Se ordenó sacerdote en el año 1251. Su condición de sabio no le impidió ser un fraile que sobresalía en sencillez y humildad, que sabía mantener el difícil equilibrio entre la exquisita sensibilidad –agudeza fina en los asuntos teóricos– y los problemas humanos. Hizo compatible la altísima especulación con la piedad de niño que se pegaba a la puerta del sagrario pidiendo gracia y ciencia para cumplir el oficio de maestro dado por el papa Alejandro IV, cuando solo tenía treinta y un años.
Contribuyó a la redacción de una nueva «Ratio Studiorum» para su orden en el Capítulo general de Valenciennes con Alberto Magno, Pedro de Tarantasia, Bonhome de Bretaña y Florencio de Hesdin.
Pasó nueve años en Roma como teólogo del Estudio General de la Corte Pontificia; allí contribuyó a resolver consultas papales y de la jerarquía sobre asuntos de gobierno y disciplina.

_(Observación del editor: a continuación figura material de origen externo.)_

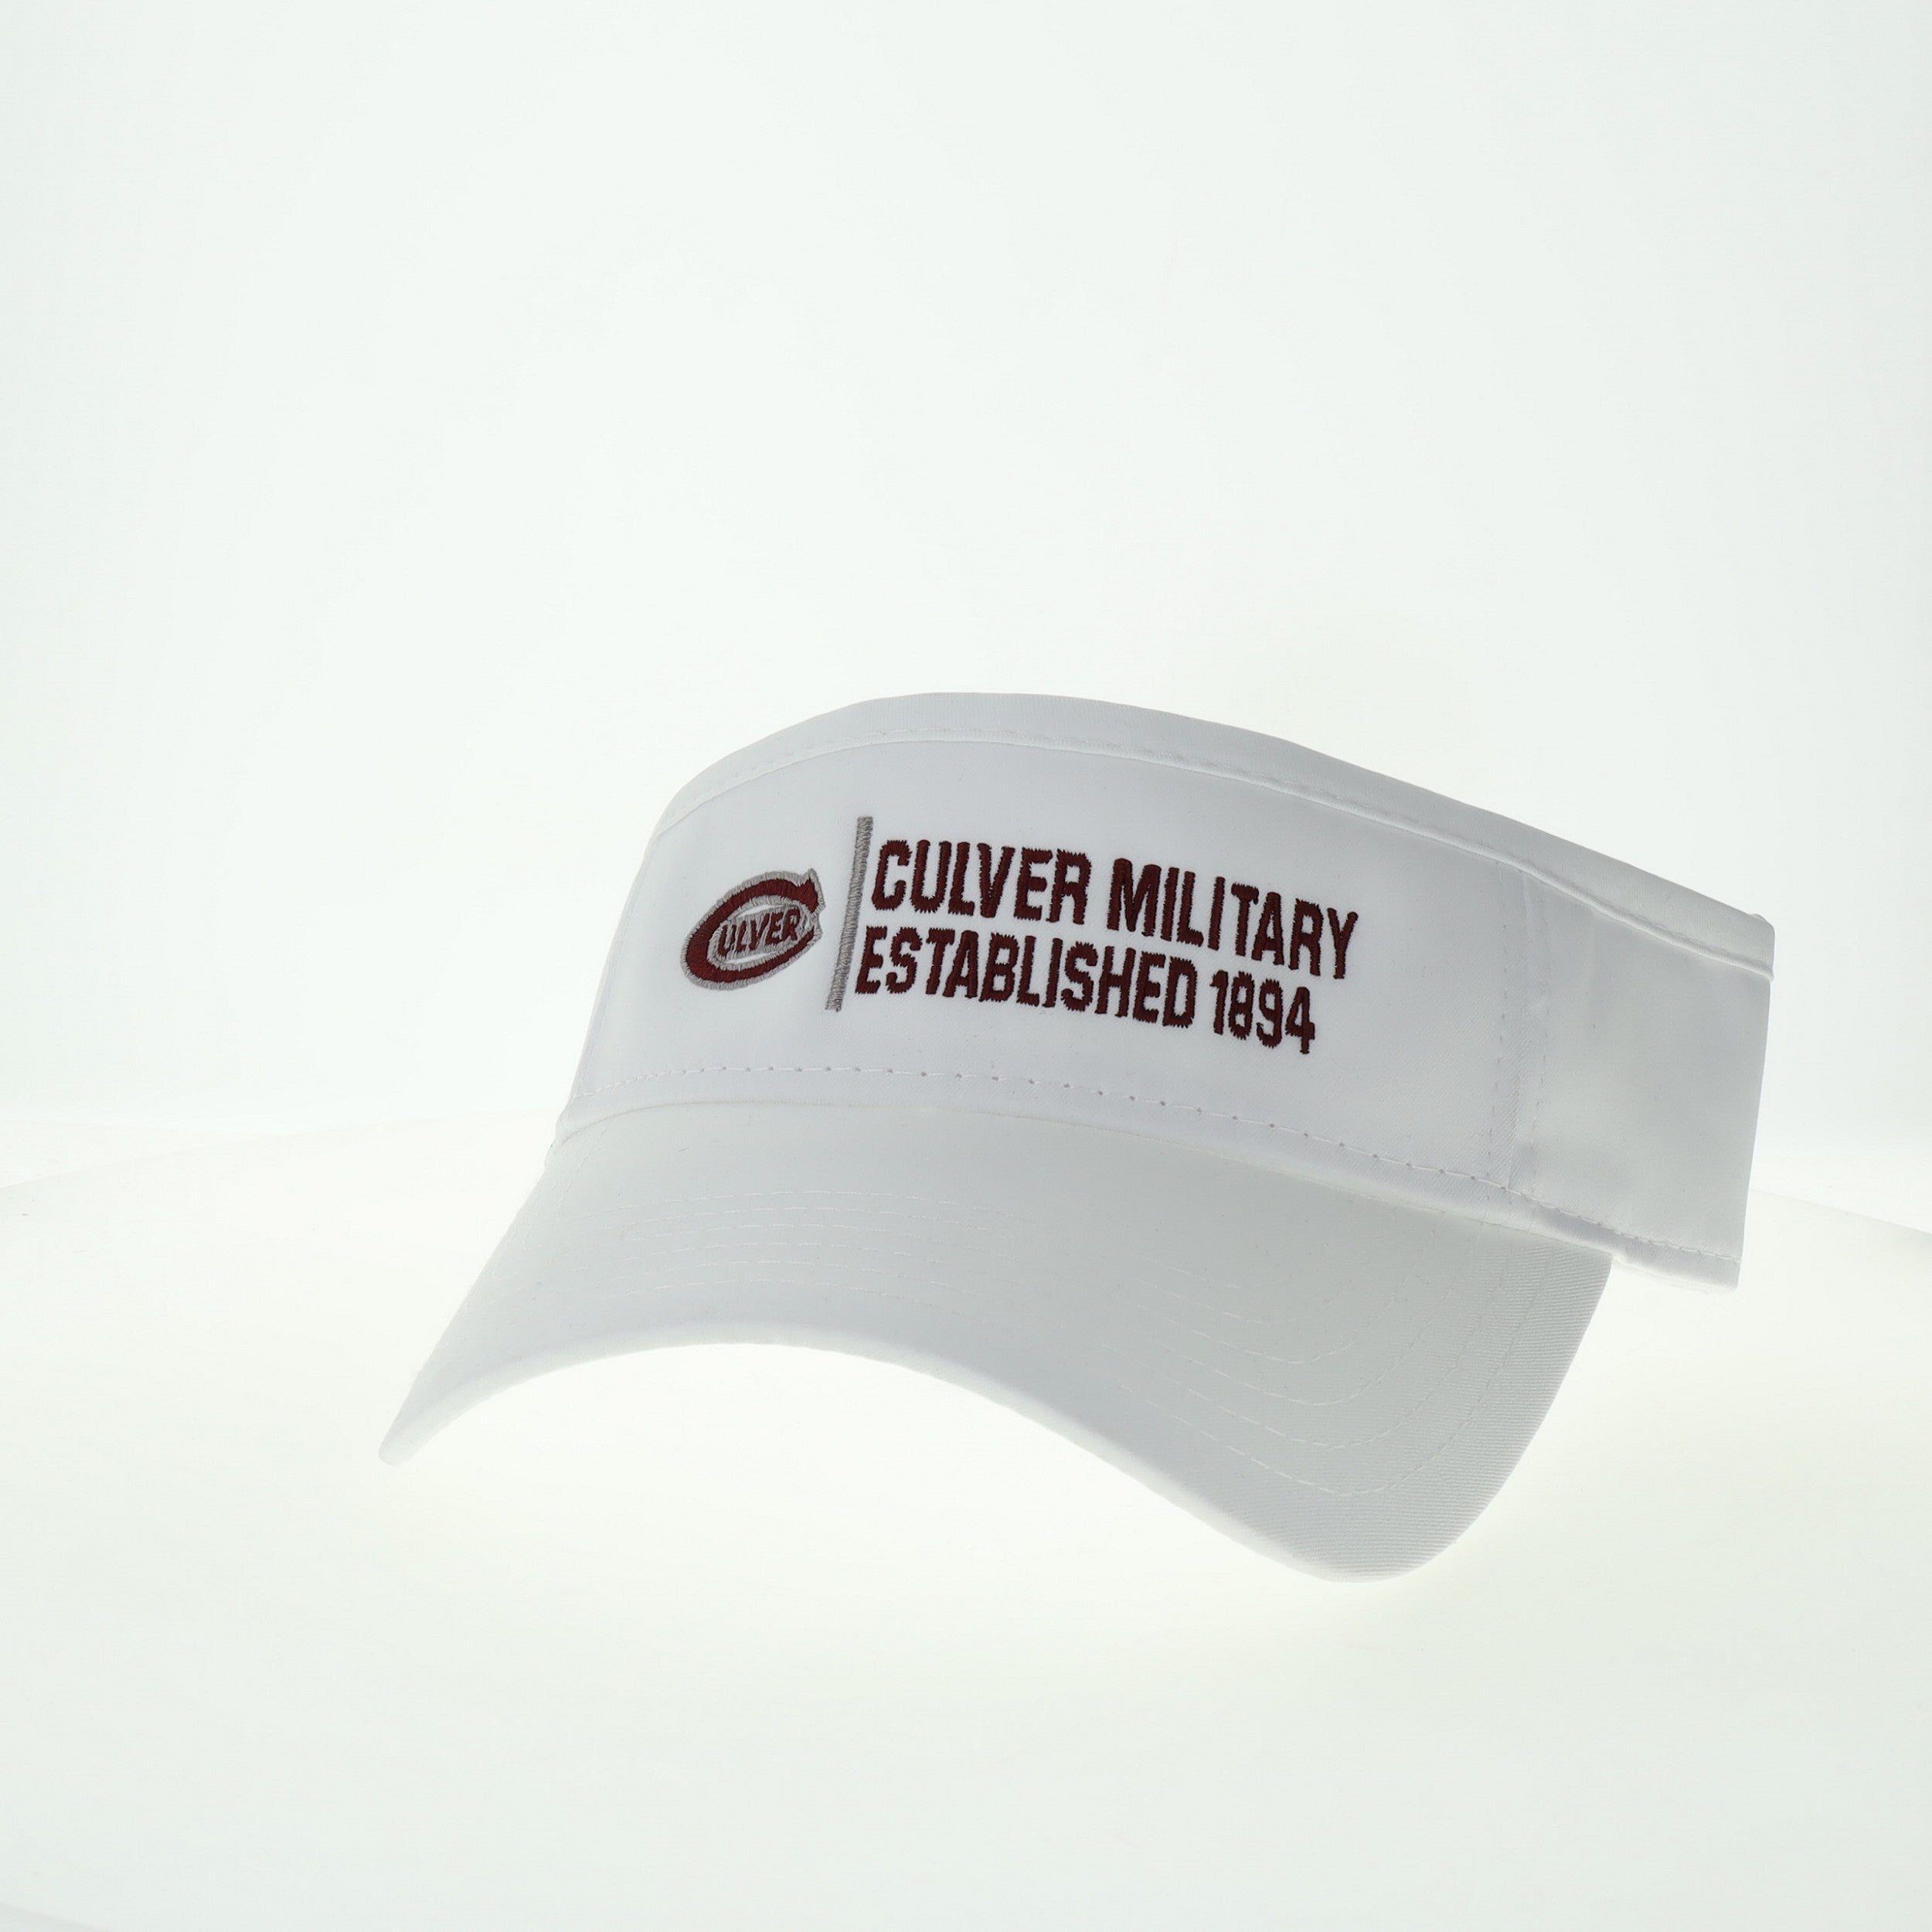 Cool Fit Visor - White Silver/Maroon Culver Military

Se retiró a Anagni y Orvieto para terminar la «Summa contra Gentiles» y comenzar la «Catena Aurea» que terminará en Santa Sabina de Roma, donde comenzará la «Summa Theologica», continuada en Viterbo y terminada en París, la obra cumbre de su genio y de importancia trascendental para la ciencia sagrada. En su producción intelectual se pueden distinguir sus «Comentarios» a la Sagrada Escritura y al Maestro de las Sentencias, «Sobre la Trinidad» y «Sobre la verdad», monumentales libros, duros de lectura y apretados a la hora de entenderlos.
Para este raro ejemplar de hombre que sabía unir el saber con la santidad no todo fue un paseo triunfal; supo de intrigas, de coacciones morales y físicas que salían de la envidia y de la resistencia a su magisterio, como fue el caso del fustigante Guillermo del Santo Amor; en la segunda estancia en París tendrá que ser polemista agudo contra Siger de Brabante y Boecio de Dacia, contribuyendo a la depuración de la doctrina aristotélica de los errores averroístas.

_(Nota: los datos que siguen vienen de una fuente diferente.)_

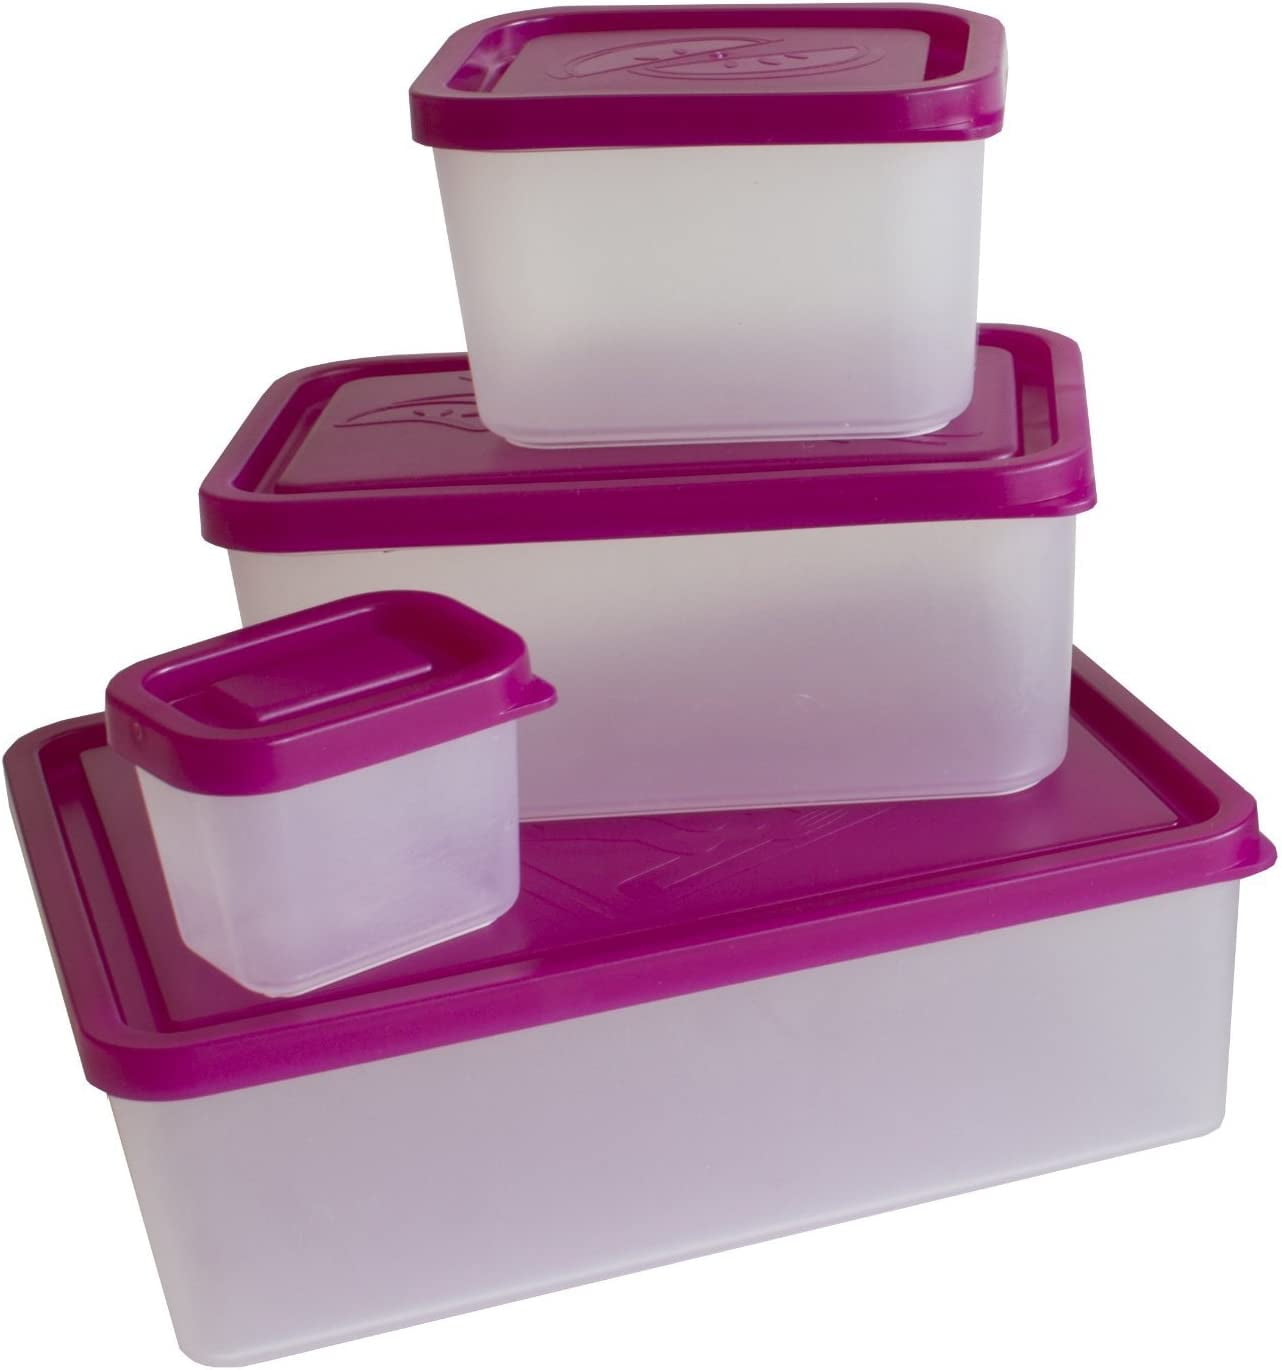 Leakproof Portion Control Lunch Containers - Reusable Meal Prep Containers, No BPA - Set of 4 (Sorbet)

Menos conocida, pero no menos interesante, es su faceta de predicador papal y popular en las basílicas romanas, sobresaliendo el «Oficio del Corpus Christi», densa poesía, teología, devoción y encanto al Santísimo Sacramento cuya predicación arrancaba lágrimas al Consistorio y a los fieles, igual que la predicación de la Pasión y los sermones sobre la santísima Virgen gozosa por la Resurrección.
Una experiencia mística –don de Dios– tenida durante la celebración de la misa de San Nicolás, le hace calificar toda su formidable e impresionante obra como «paja» ante el recuerdo de lo contemplado; a partir de entonces, ya dejará de hablar a los hombres y solo se meterá en Dios.

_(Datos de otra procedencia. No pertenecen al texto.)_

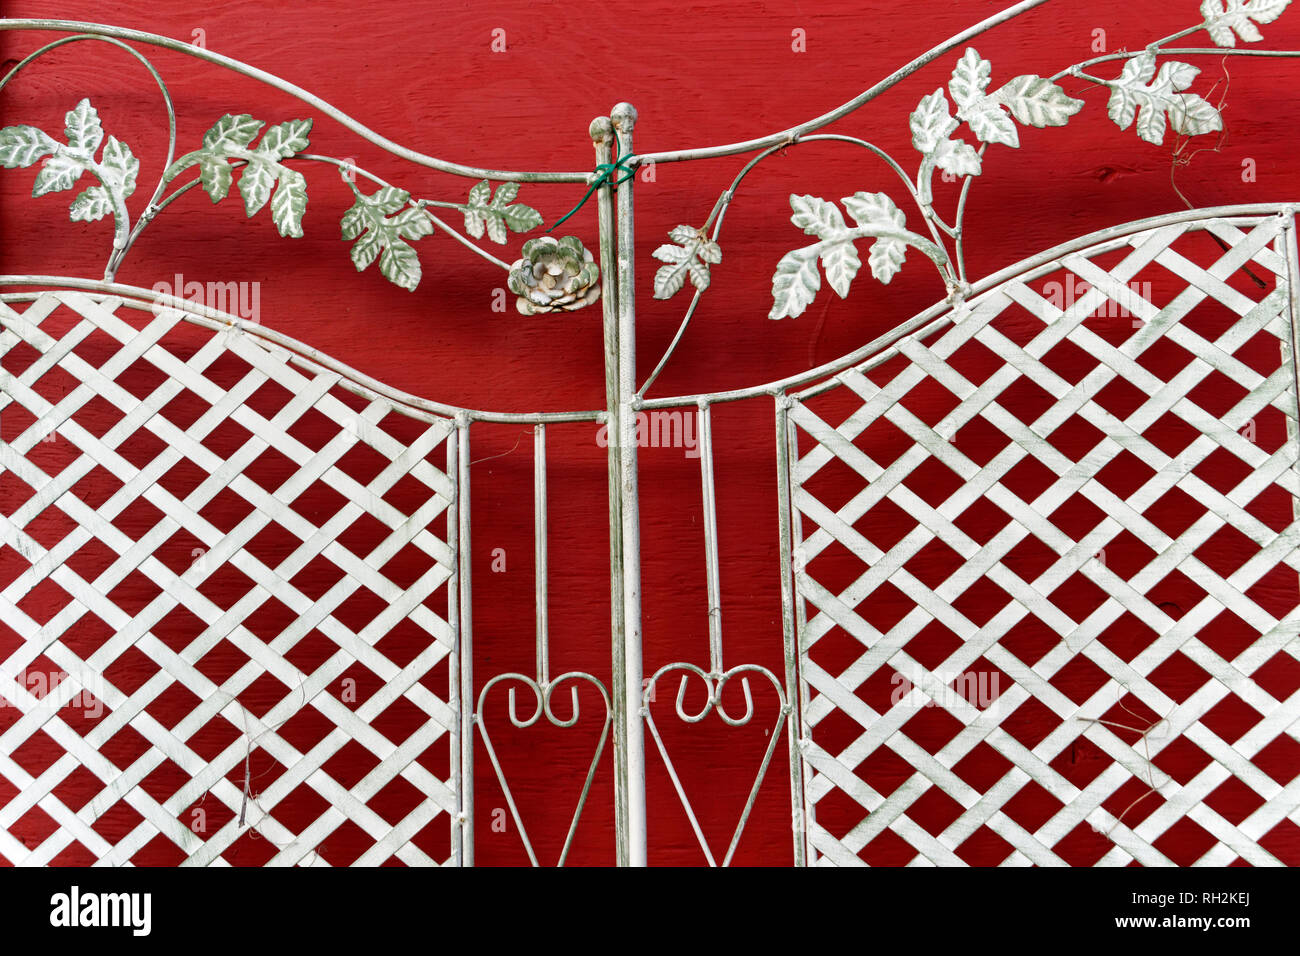 Ornate metal grill work with decorative floral design, hearts, and lattice against a  red wall Stock Photo

Su vocación, formación, magisterio, producción científica y predicación forman una unidad con la oración y la contemplación. Cuando, al final de su vida, Dios se le mostró dispuesto a satisfacerle un deseo como pago de lo mucho y bueno que de Él escribió, el santo varón no pide otra cosa que poseer al mismo objeto permanente de su estudio: a Dios. Poco más vivió. Murió en el monasterio de Fossanova, cerca de Terracina, en plena madurez de su producción científica, el día 7 de marzo de 1274. Si su fiesta se celebra el día 28 de enero, es porque en esta fecha tuvo lugar, el año 1369, el traslado de su cuerpo a Tolosa del Languedoc.
Cualquier otro sabio, uno de esos locos ansiosos del saber, quizá hubiera aprovechado la ocasión para descubrir alguna piedra filosofal o la quintaesencia de algún arcano misterio, ¿verdad?
Tomás de Aquino, ambicioso él, pidió poseer lo que estudiaba. Acertó.